Recorded information »
================================

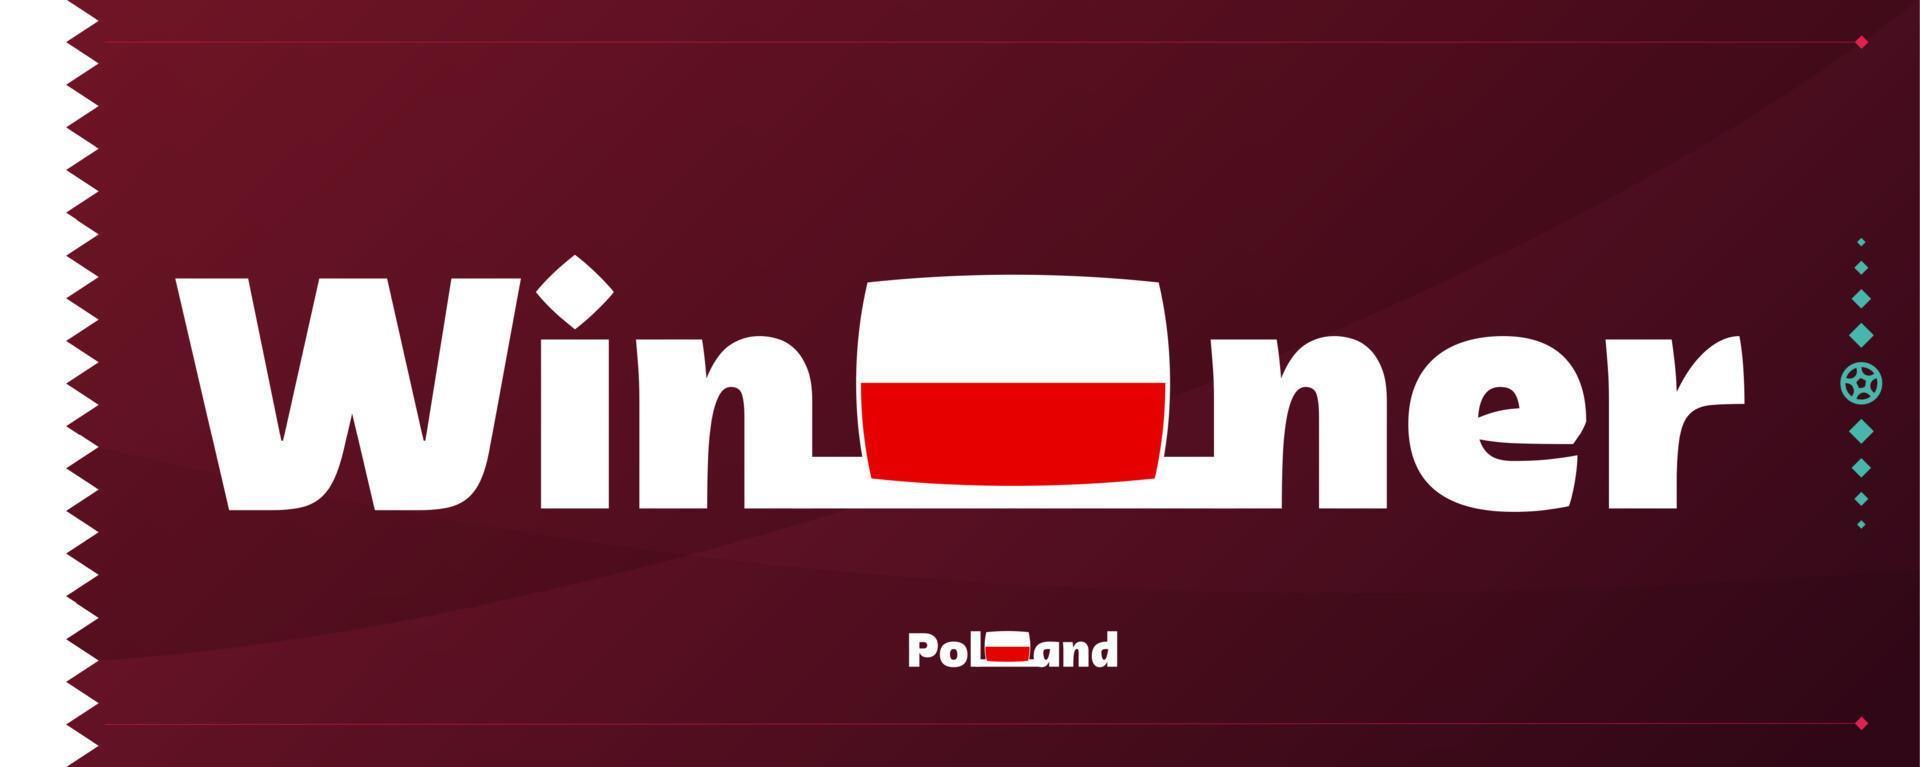 bandera de polonia con eslogan ganador en el fondo del fútbol. Ilustración de vector de torneo de fútbol mundial 2022
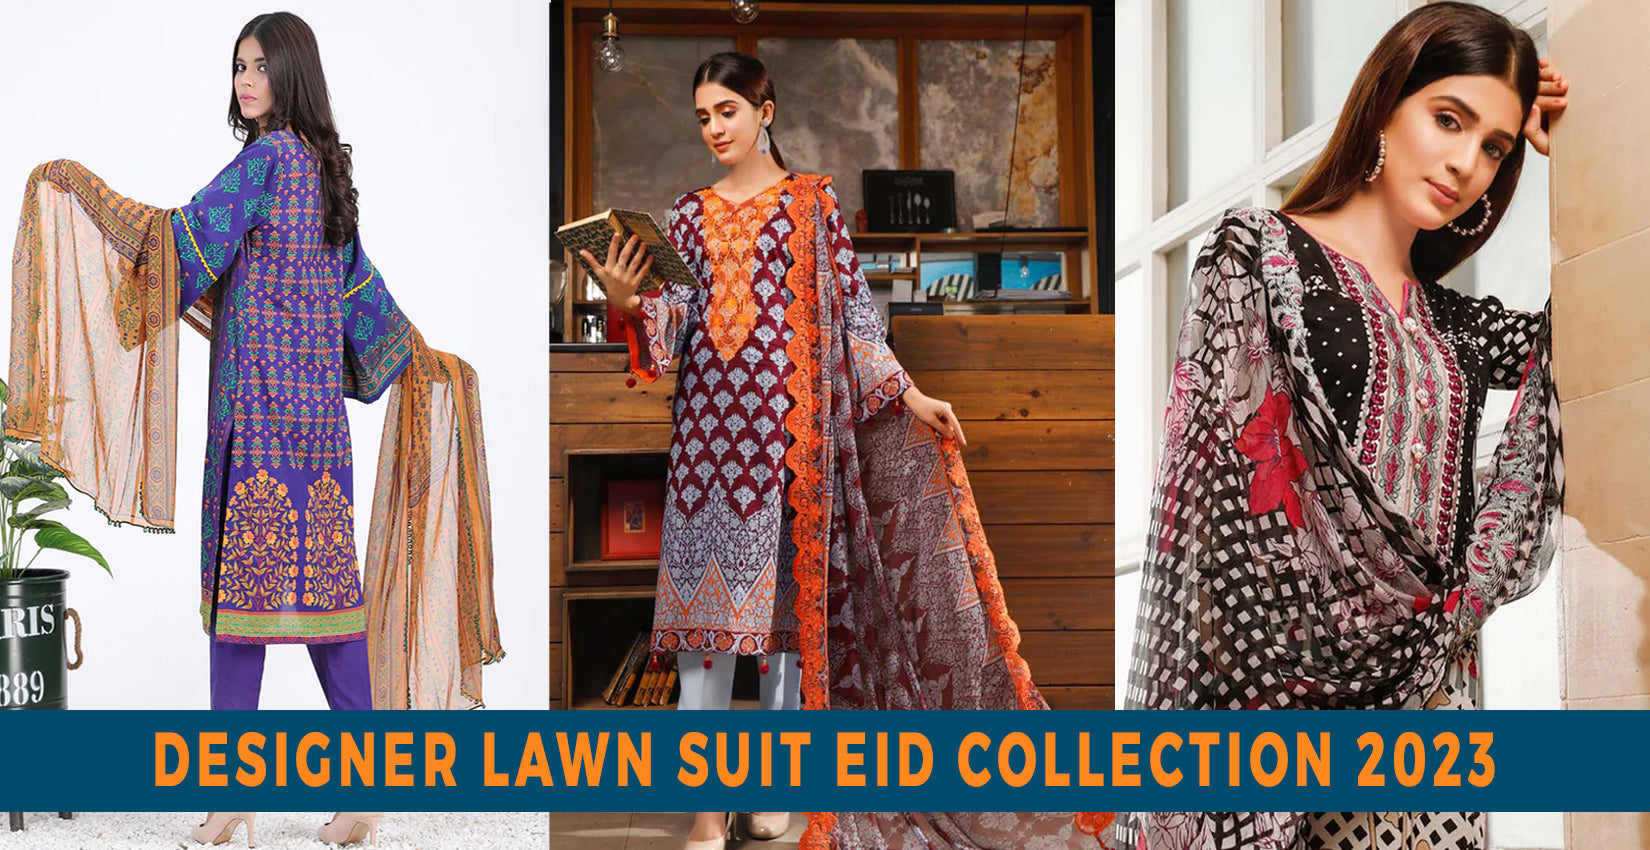 3 Piece Designer Lawn Suit Eid Collection 2023
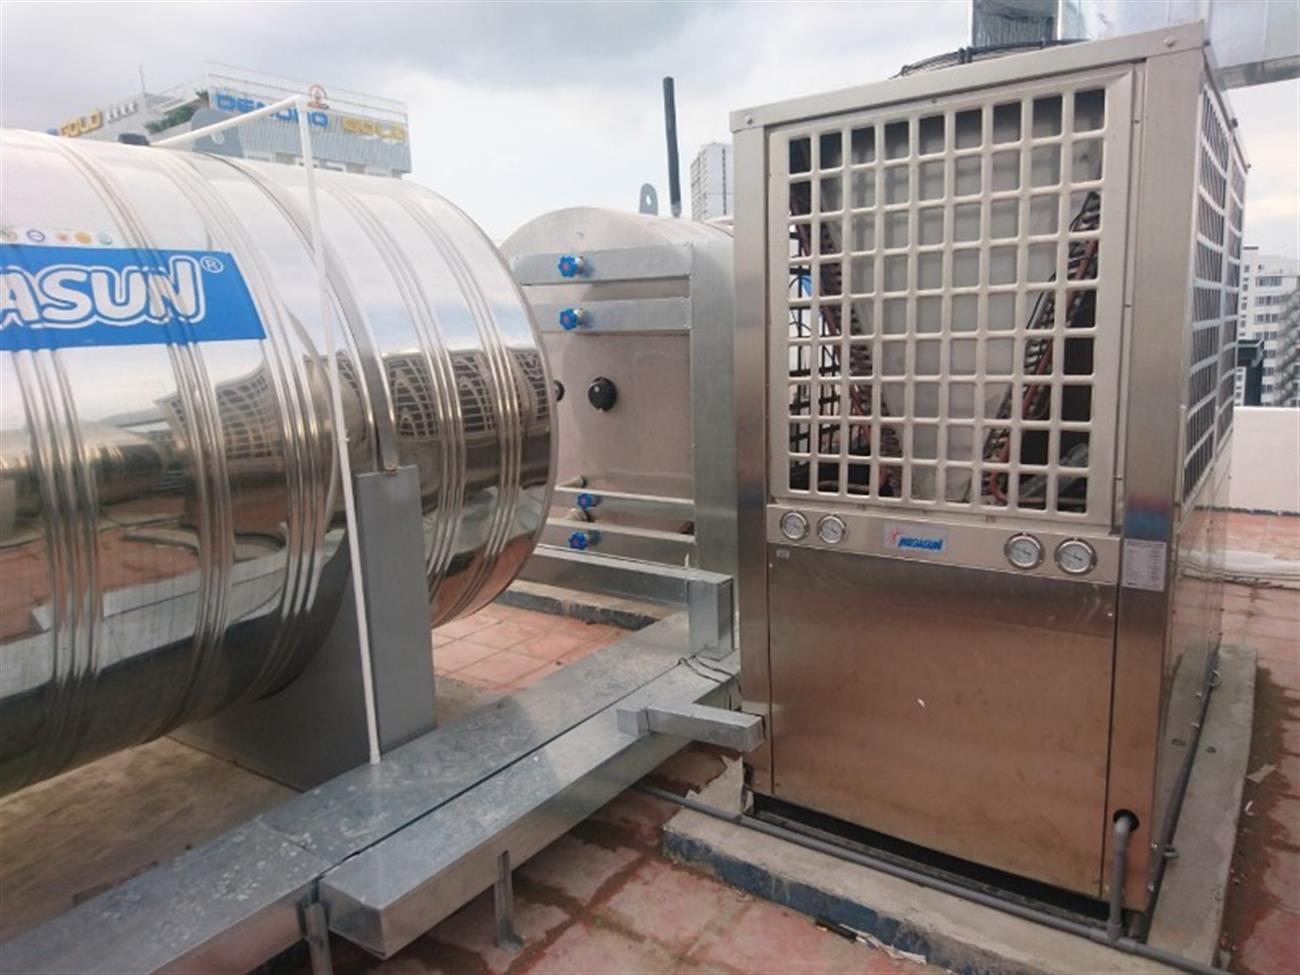 Báo giá lắp đặt hệ thống nước nóng trung tâm Heatpump tại Hà Nội - Ảnh 1
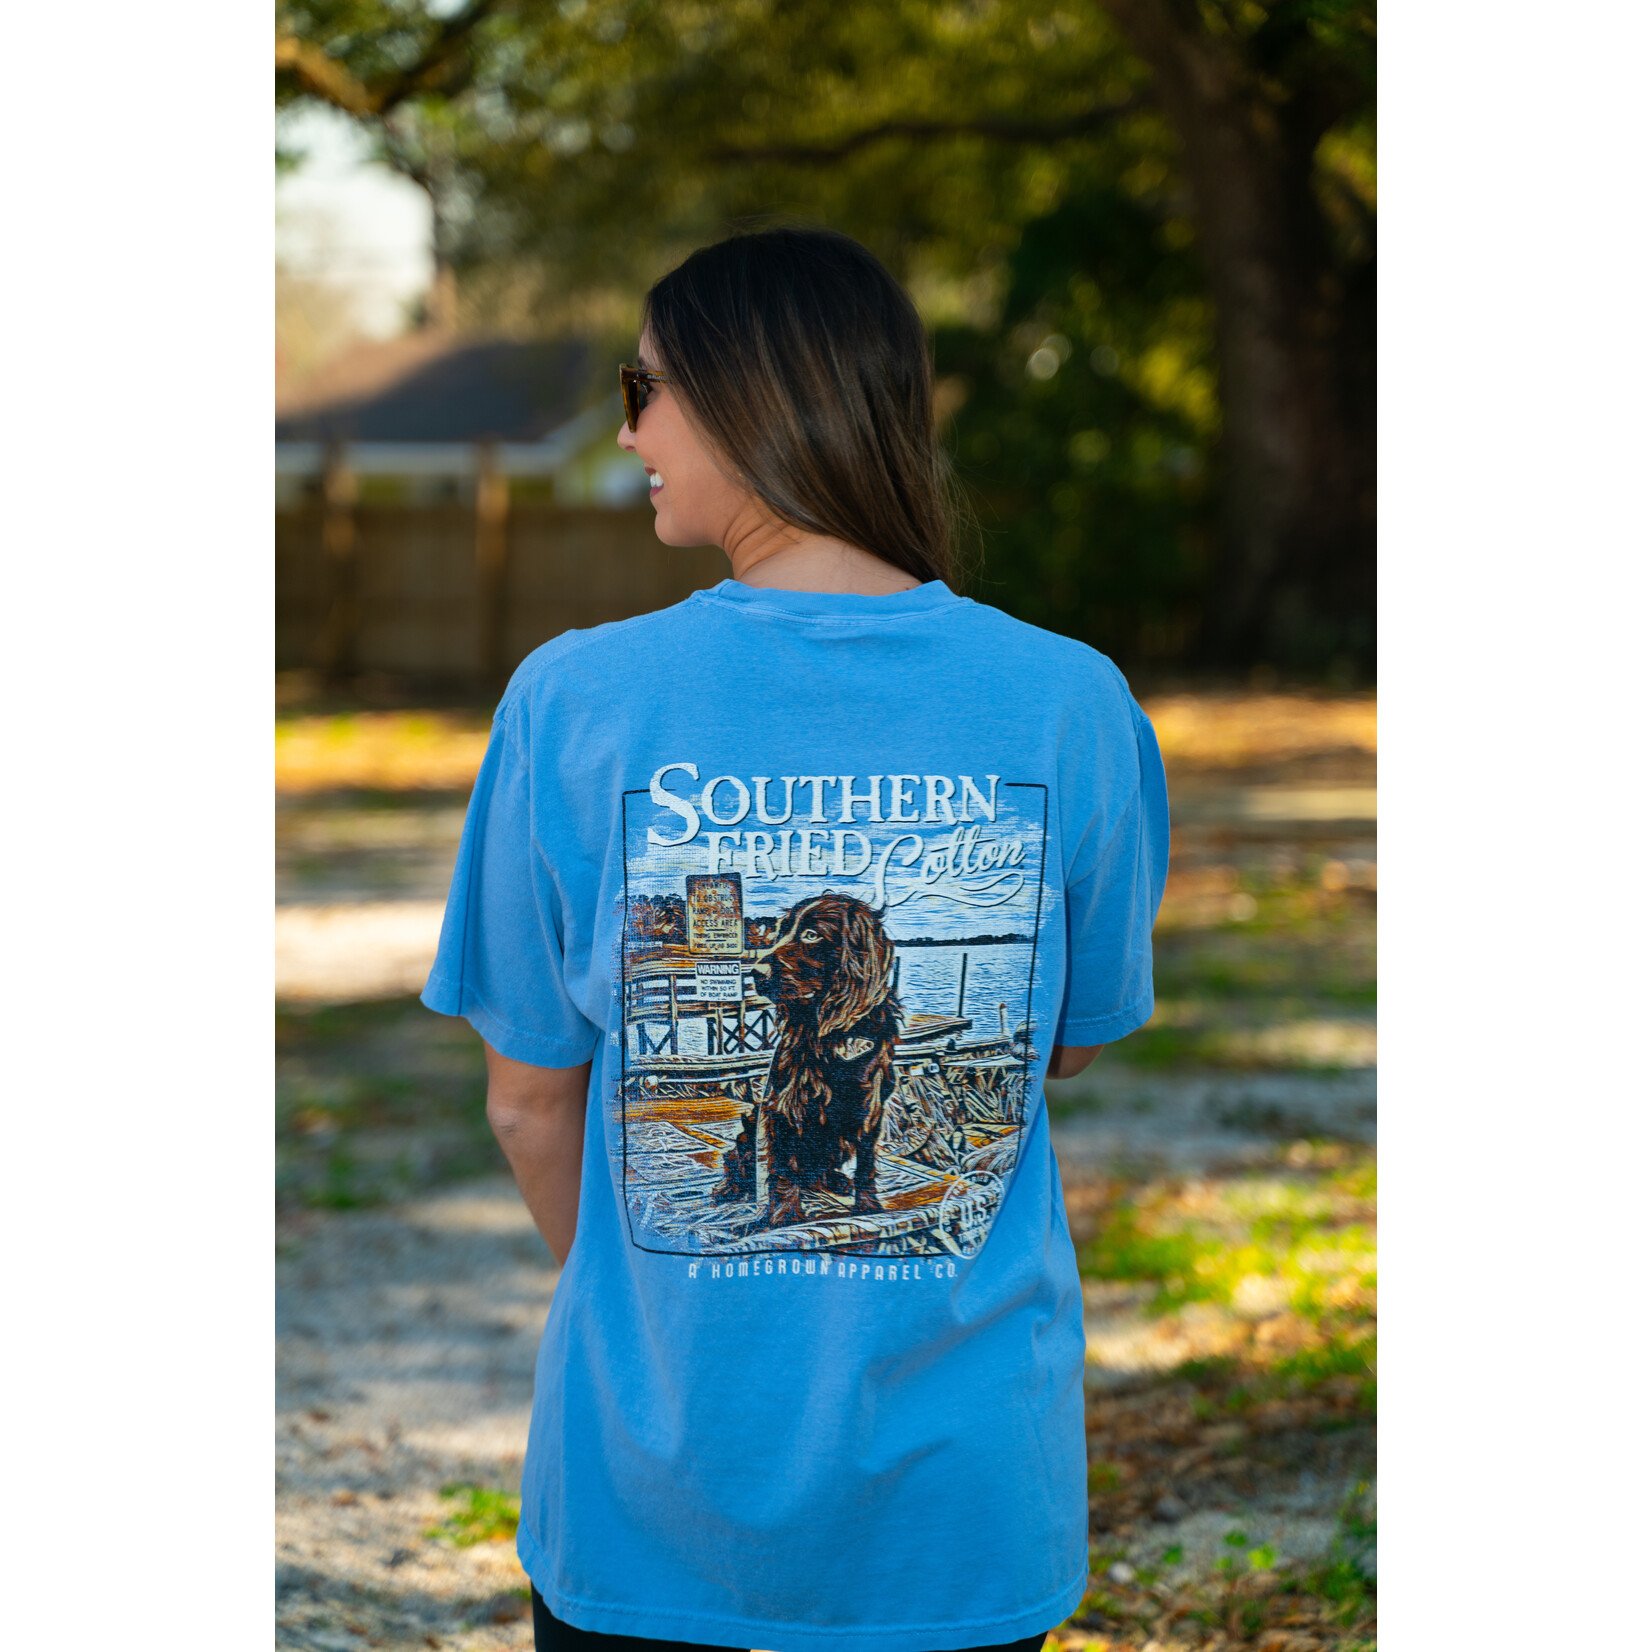 Southern Fried Cotton Southern Fried Cotton Hank Boykin S/S TEE Shirt

================================

Exactly the lines from the one with "3 Piece Designer" through the end of the listing above are to be repeated, with no pictures.

Exercise solution »
 3 Piece Designer Lawn Suit Eid Collection 2023
 Báo giá lắp đặt hệ thống nước nóng trung tâm Heatpump tại Hà Nội - Ảnh 1
 Southern Fried Cotton Southern Fried Cotton Hank Boykin S/S TEE Shirt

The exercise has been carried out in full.